HDFS high availability alerts
Descriptions, potential causes and possible rememdies for alerts related to HDFS high availability.
|Alert||Alert Type||Description||Potential Causes||Possible Remedies|
|JournalNode Web UI||WEB||This host-level alert is triggered if the individual JournalNode process cannot be established to be up and listening on the network for the configured critical threshold, given in seconds.||
The JournalNode process is down or not responding.
The JournalNode is not down but is not listening to the correct network port/address.
|Check if the JournalNode process is running.|
|NameNode High Availability Health||SCRIPT||This service-level alert is triggered if either the Active NameNode or Standby NameNode are not running.||The Active, Standby or both NameNode processes are down.||
On each host running NameNode, check for any errors in the logs (/var/log/hadoop/hdfs/) and restart the NameNode host/process using Ambari Web.
On each host running NameNode, run the netstat-tuplpn command to check if the NameNode process is bound to the correct network port.

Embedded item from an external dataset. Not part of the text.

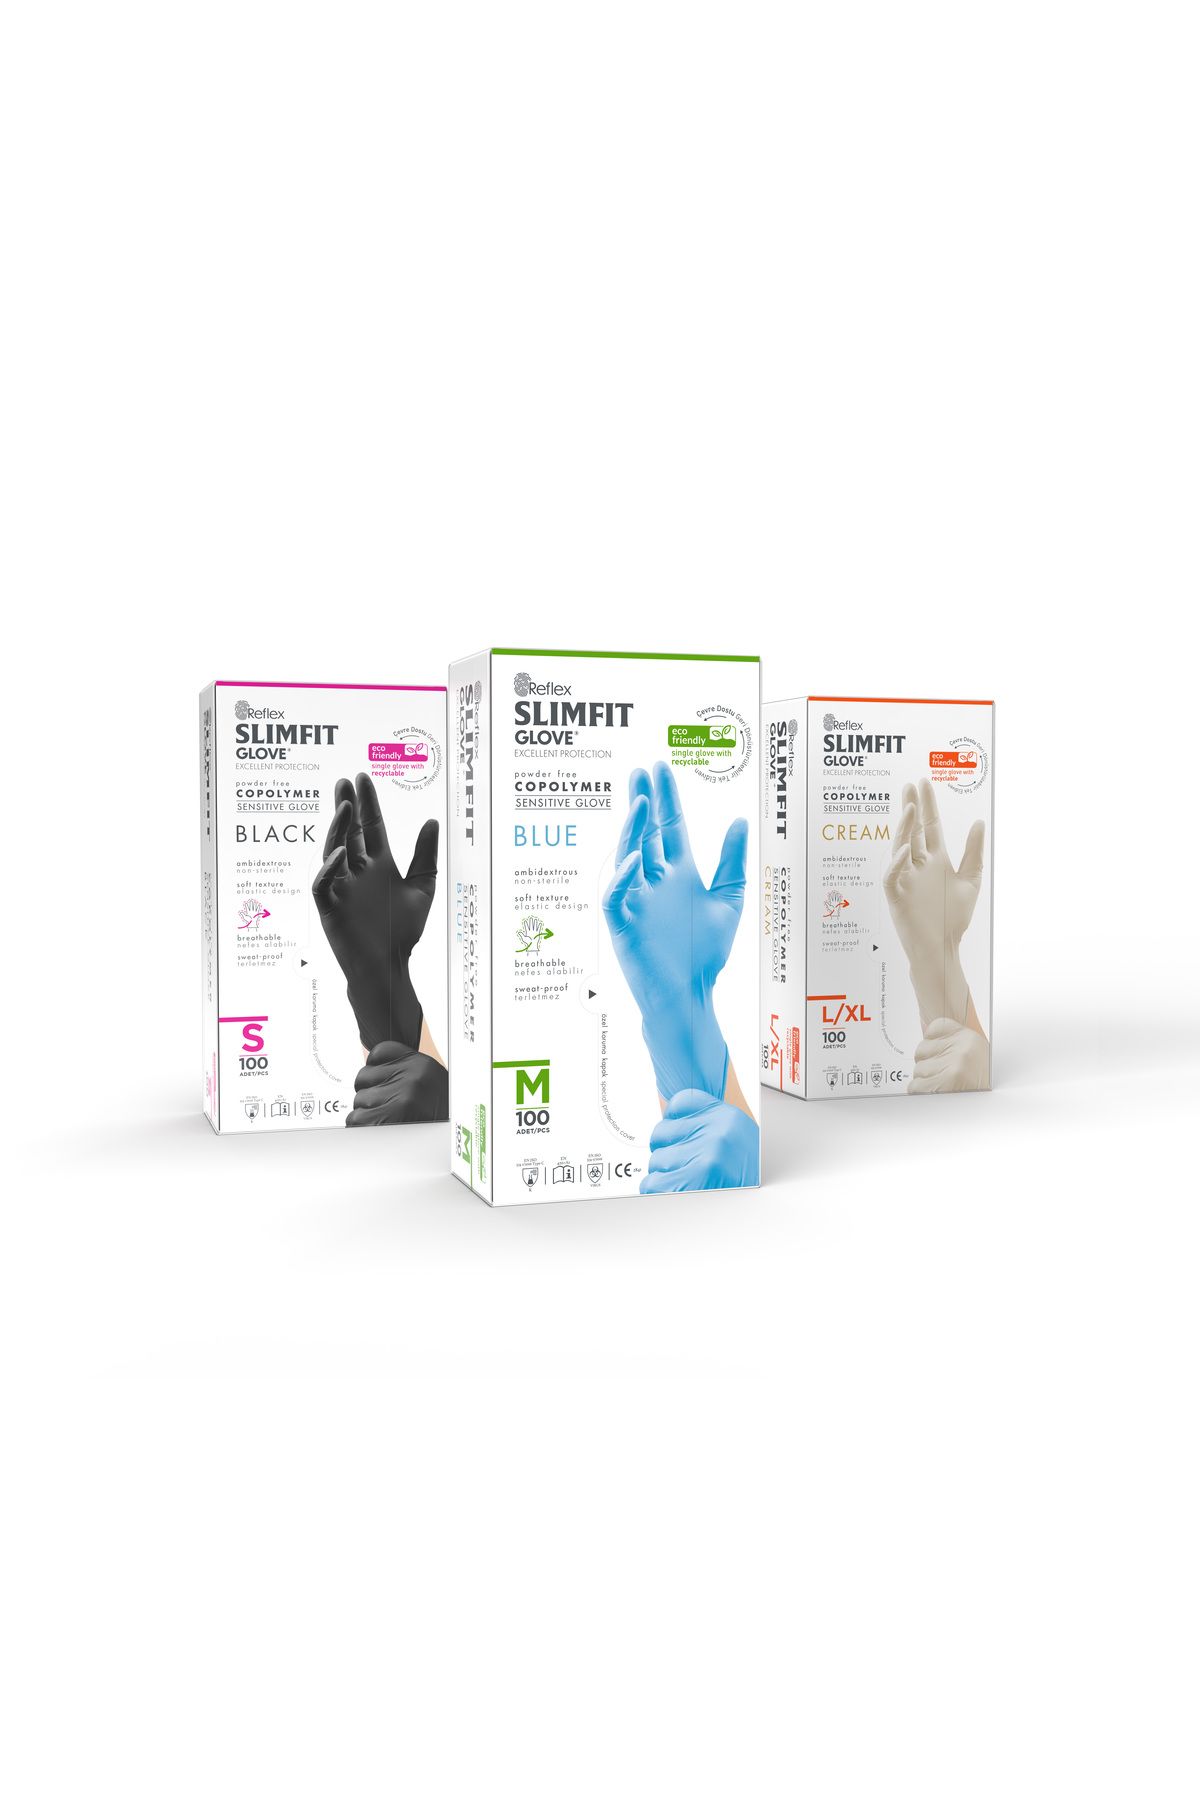 Reflex Slımfıt Glove Pudrasız Tek Kullanımlık Gıdaya Uygun Siyah S Beden Eldiven 100'lü Paket

|Percent JournalNodes Available||AGGREGATE||This service-level alert is triggered if the number of down JournalNodes in the cluster is greater than the configured critical threshold (33% warn, 50% crit ). It aggregates the results of JournalNode process checks.||
JournalNodes are down.
JournalNodes are not down but are not listening to the correct network port/address.
|Check for dead JournalNodes in Ambari Web.|
|ZooKeeper Failover Controller Process||PORT||This alert is triggered if the ZooKeeper Failover Controller process cannot be confirmed to be up and listening on the network.||The ZKFC process is down or not responding.||Check if the ZKFC process is running.|